Итак, из-за закрытых окон оса не могла просочиться на балкон. Осы неспособны зарождаться без осиного гнезда — оно выглядит как одутловатое лицо, искусанное осами, и внутри плодятся осы, не создавая ничего, кроме липких жал. Но на нашем балконе, выходящем на площадь, нет осиного гнезда, и наши лица никто не кусал. Открывая ящик тумбочки, не слышно осиного нытья, поднимая голову вверх, к бельевым верёвкам, не видно резьбы острых тел по воздуху, а заходя в комнату, не чувствуешь вибрации перепонок — только ядовитые капли на обоях, только следы пронзительной горечи в складках агавы, только рубцы под коротко стриженой шкурой дивана, и где-то далеко-далеко, в прошлом или будущем, раздаётся крик. Осы так не кричат, они кричат иначе, тонко и возбуждённо, когда собираются бандой и ищут пищу, клеят дом или метят злость во врага.

 

Но у нас совсем иная история: на балконе ниоткуда появляется оса. Она сидит, неуклюжая, неторопливая, на раскладном деревянном стульчике, где ты иногда куришь одинокую сигаретку, пока площадь наблюдает за твоими мыслями, которые вот-вот превратятся в слова. И, в общем, теория заключается в том, что, когда сигарета выкурена, а мысль бежит в твою комнату, чтобы свить гнездо в звуке, на балконе остаётся пустая воздушная ампула, и в ней спрятана крохотная ранка. Это жалость оставленного тобой мига — вы разминулись и больше не встретитесь, дверь уже закрывается, площадь меняет состав участников, солнце склоняется к тому, что называется следом взгляда на небе. Я же склоняюсь к тому, что жалость тоже способна следовать за человеком, застревая в нём искривлённой занозой.

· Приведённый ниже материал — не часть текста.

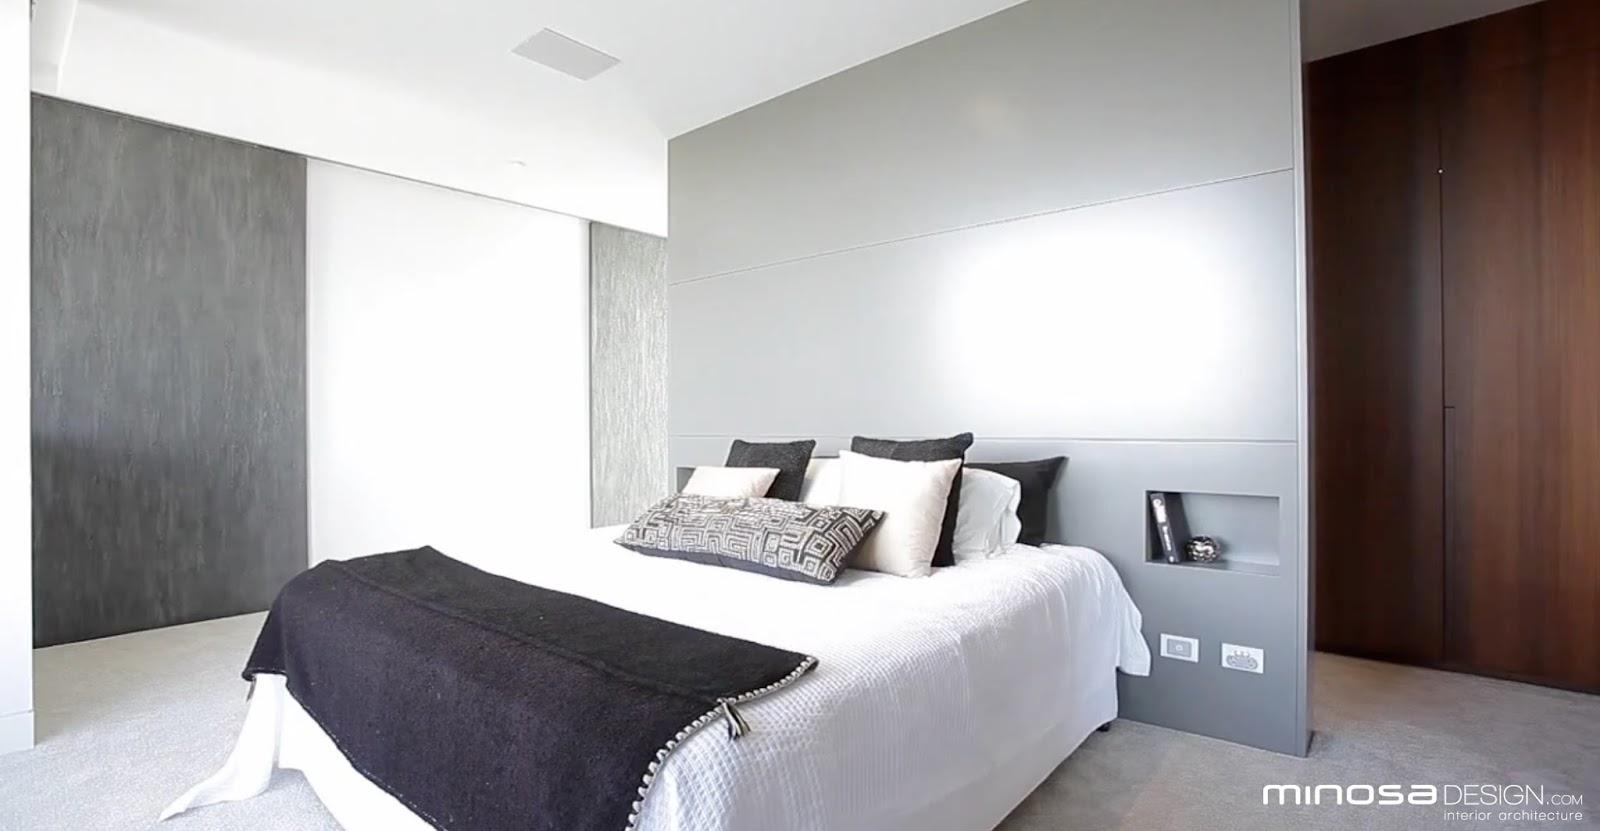 Minosa new minosa bathroom design resort style ensuite - Brand New Architectural Masterpiece

Но если двигаться быстро, в сторону текста, который притягивает сильнее, чем что бы то ни было тяжёлое на нашей площади (например, скамейка), сильнее, чем самый громоздкий кусок скалы на побережье до Качи и от Качи и дальше, — если преодолеть 89 сантиметров балкона так быстро, что жалость стукнется о стекло двери и будет тук-тук-тук, а потом тук-тук, тук-тук, и тук… тук… тук… — то можно наблюдать зарождение осы — редчайшее явление в районе третьего этажа. Да и второго и четвёртого, пожалуй.

 

Итак, оса, созидающая своё тело с жала — что известно каждому, кто не держал в руках осиного гнезда, — оса возникает там, где ты сидела, и остаётся ждать тебя, понемногу впиваясь ножками, жвалами, зазубринами, зубами в маленький кусочек съестного воздуха, и всё её тело прорастает из ниоткуда бутоном, готовым распуститься в любой момент, когда ты снова откроешь балкон. Все мы знаем, что случится в таком случае, и писать об этом — значит выходить за пределы теории, в область личного, больного, исполненного крови и красоты. Упритесь же в стеклянную преграду.

 

И вот теперь, когда причина зарождения ос раскрыта раз и навсегда, а вместе с ней и последняя тайна этого мира — чистого, наполненного прозрачными насекомыми — поддалась ловкой отмычке моего голоса, мне остаётся только одно: подставить осе бумажный стаканчик в кофейных потёках, посадить её в этот бумажный батискаф — конструкция проста и не содержит ни грамма топлива, способного разрезать воздух пламенным ножом, — открыть окно пошире и предложить осе преодолеть силу притяжения к тебе, задать ей вектор движения куда угодно от тебя, влево, вниз, на балкон соседнего дома, ввысь к лёгкому колыханию невесомых взмахов, и ждать, когда оса оторвётся от схватившего её воздуха — нерешительная, нелепая, родная, частица больших сожалений, ломтик глубокого молчания, кусочек отколупанного лака с указательного ногтя — создание без создателя, без умысла, без мысли, без сил на то, чтобы развернуться, сжаться и ужалить. Чтобы остаться и вознести над землистым линолеумом зов о забвении уходящего мира.

* * *

Кладбище коммунаров

Стёртые коренные братских могил

И между ними сидят на скамейке и чипсы жуют две девчушки

Первая давится хрустким смешком

Вторая надвинула кепку на лисий зрачок и кидает под ноги мне

Крошки стыда — но растопчет сама, сама!

Из кипариса тянет немытую руку солдатик

«Чипсинку дай, — говорит, и шишку жуёт кипариса, — я бы хрустел вместо того, чтоб грустить. Что у тебя там? Сметана и зелень? Нормально. Но хочется с крабом. У крабов смешные клешни и глупые усики глаз.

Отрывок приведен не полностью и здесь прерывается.